I disagree. The whole Python 3000 thing is about cleaning up design errors before they become entrenched.
That said, I don't think any language that I've used supports Unicode in an "excellent" way, certainly not outside the BMP.
I've never had to explore there before, so I couldn't really comment. What I saw of Java looked very good, though. Surely a newer language such as C# also gets things right?
I'll be watching for whatever you propose for text handling in C++ too. Years ago, I was involved in proposing a book with almost exactly that title - "International text handling in C++". It didn't proceed, which is probably a good thing because I'm pretty sure now I'd have completely ballsed it up.
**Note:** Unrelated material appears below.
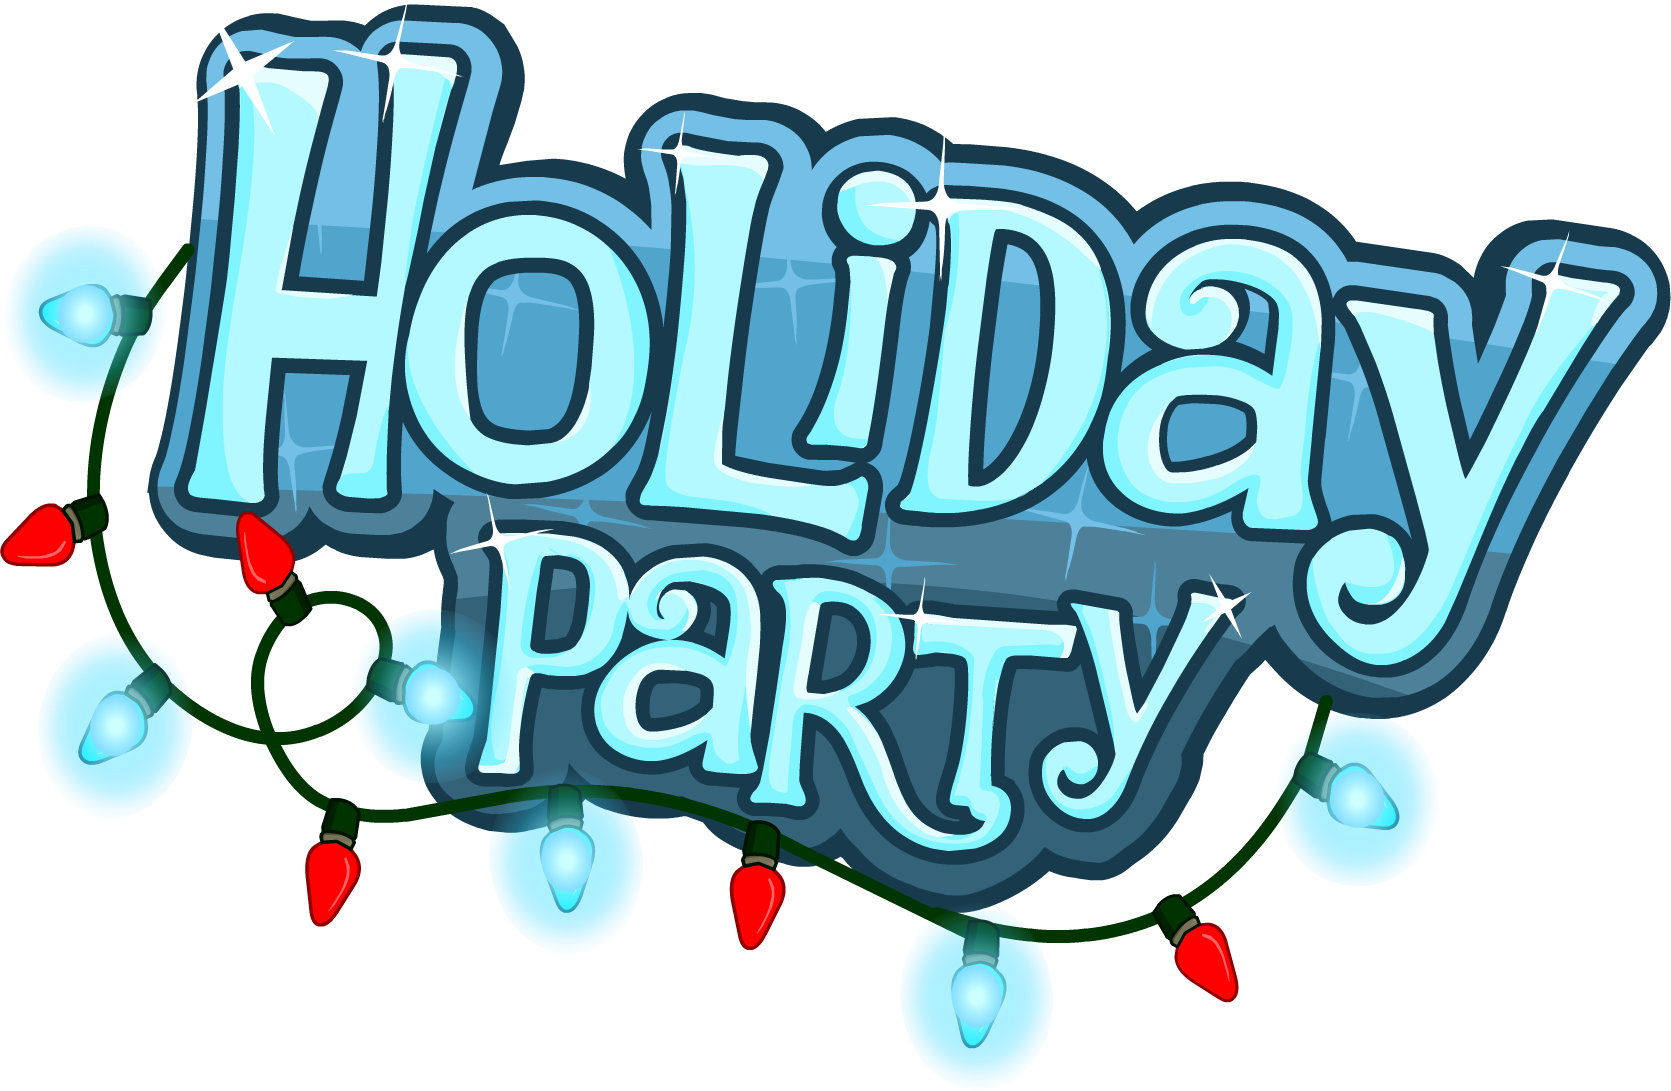 Holiday Party Clip Art - ClipArt Best

I've persued this subject with vigour since then, but it's still something I'm interested in. If you've got code, I'd love to see it.
Sorry, I have no proposal and no code I can show. I just recall reading somewhere -- probably the CVu standards report -- that improved support for Unicode was on the C++0X agenda.
-
Ah, I've misunderstood - I thought you had some text processing ace up your sleeve :)
-
Apologies for raising your hopes. When I wrote "watch this space" I should really have said "wait and see what the C++ standards committee come up with".
Actually, Python's support for Unicode is starting to grow on me, though I still think the variant builds are unfortunate. Support for various other text encodings is extremely good.
My general recommendation for text conversion utilities and similar in C++ is to use Python to generate the required C++. Here's a simple example of what I mean.
-
At least the python version brought by debian testing seems to be a wide build.